RI Seminar: Dr. Yulun Tian
Title: Toward Resilient and Scalable Distributed Perception: Algorithms and Systems
Dr. Yulun Tian
Massachusetts Institute of Technology (MIT)
Bio: Dr. Yulun Tian is a postdoctoral associate at the department of aeronautics and astronautics at MIT. He received the Ph.D. degree in autonomous systems from MIT in 2023 under the supervision of Prof. Jonathan How. His current research applies tools from nonlinear and distributed optimization, graph theory, differential geometry, and machine learning to develop mathematically rigorous algorithms and reliable real-world systems for multi-agent perception and navigation. His research has received several recent awards, including a 2022 Best Paper Award from IEEE Transactions on Robotics, a 2021 Honourable Mention from IEEE Transactions on Robotics, and a 2020 Honourable Mention from IEEE Robotics and Automation Letters. More about Yulun’s research can be found at tianyulun.com.

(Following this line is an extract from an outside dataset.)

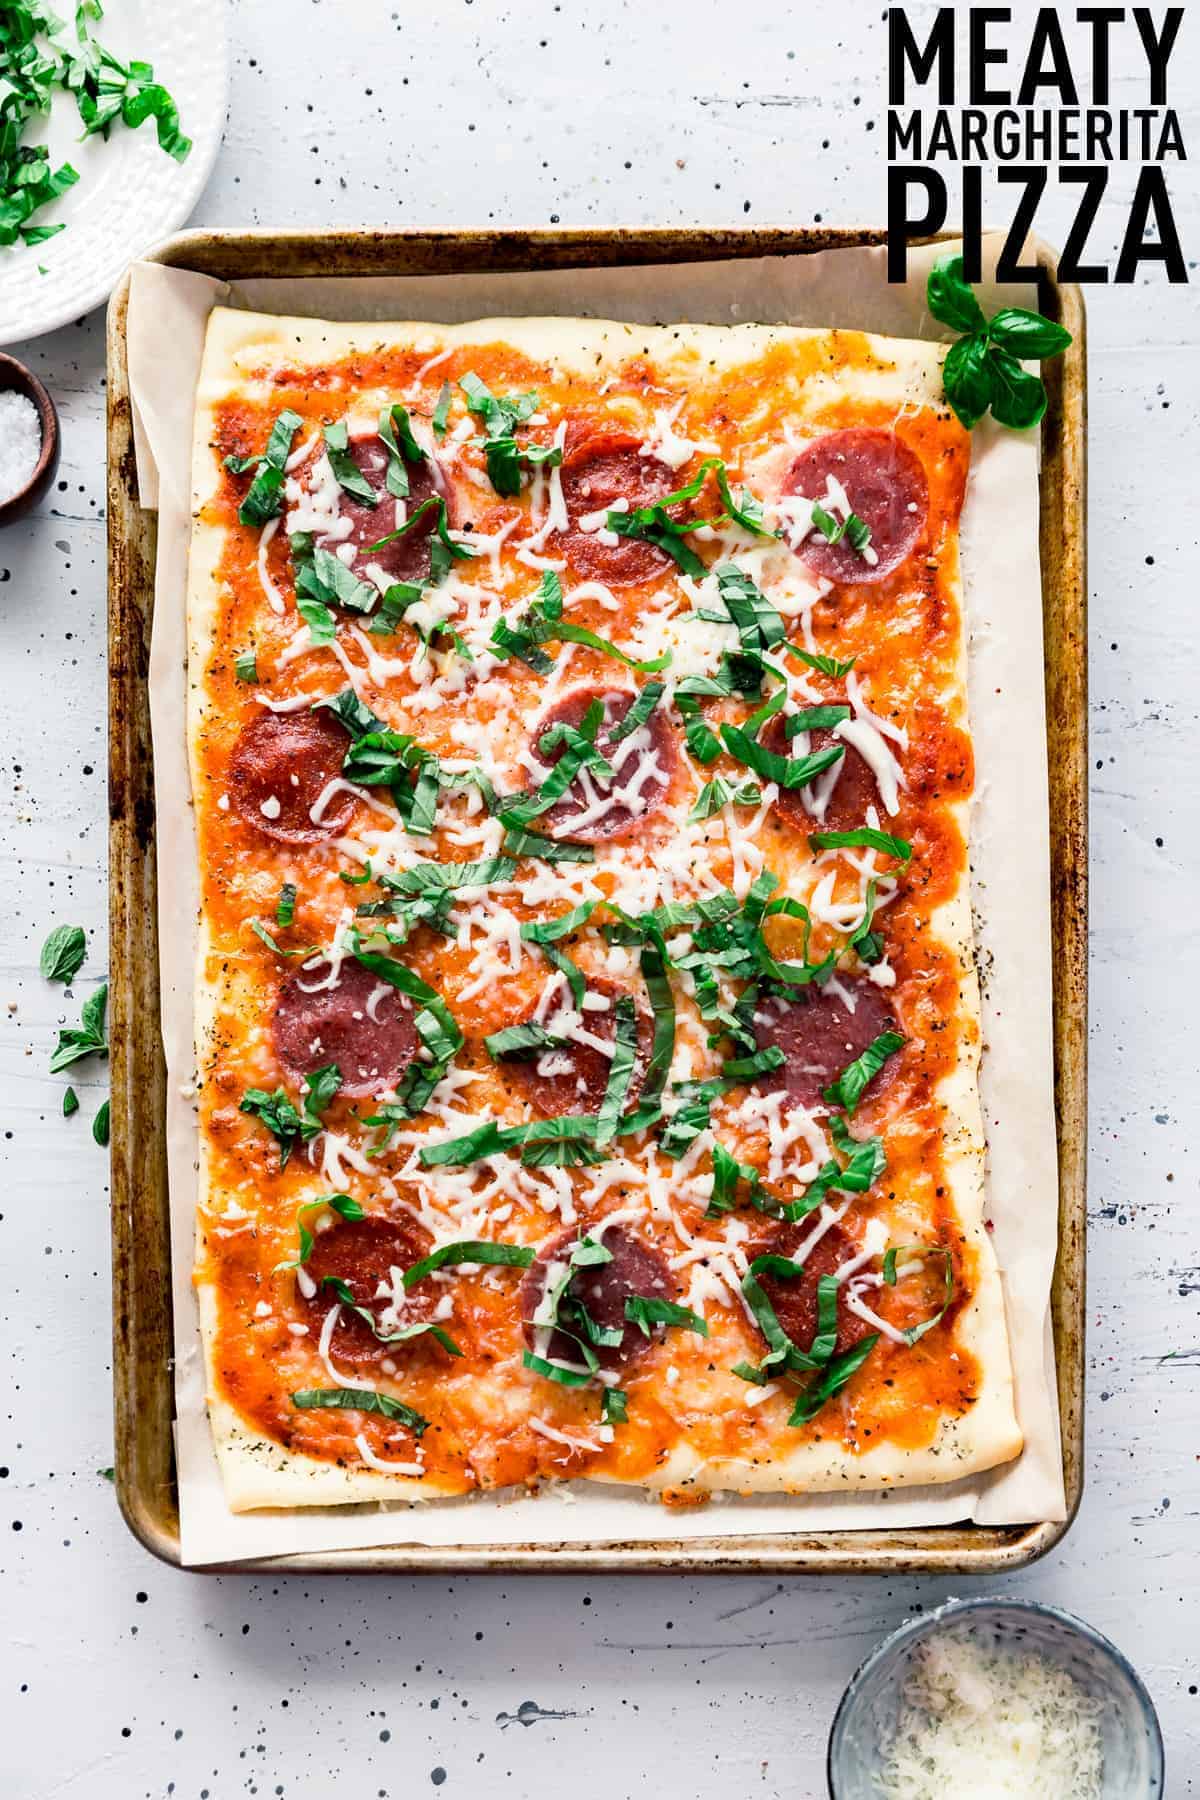 Meaty Margherita Pizza made with the traditional tomatoes, cheese, and basil but with added pepperoni and salami to make it one crowd pleasing pizza done in only 30 minutes.

Abstract: Collaborative perception, which enables multiple agents to construct globally consistent “mental models” of the environment from local noisy observations, forms the sensory foundation of multi-agent systems in many large-scale applications. However, achieving reliable collaborative perception in the real world is hard, due to computational challenges associated with the underlying optimization problems and operational constraints imposed by practical communication networks. To address these challenges, I will present a new paradigm based on distributed Riemannian optimization that achieves resilient and scalable collaborative perception with provable performance guarantees. Motivated by applications such as large-scale collaborative simultaneous localization and mapping (CSLAM), I will discuss how the proposed framework remains resilient even under delayed communication and achieves certifiable optimality that defies the non-convexity of the original problem formulation. Building on this algorithmic framework, I will present a complete and fully distributed system for metric-semantic CSLAM. I will demonstrate the system by showing results from recent large-scale experiments where eight ground robots collaboratively map the MIT campus using only onboard sensors, computers, and communication devices. I will conclude the talk by returning to the big picture of collaborative perception and discuss opportunities for future research.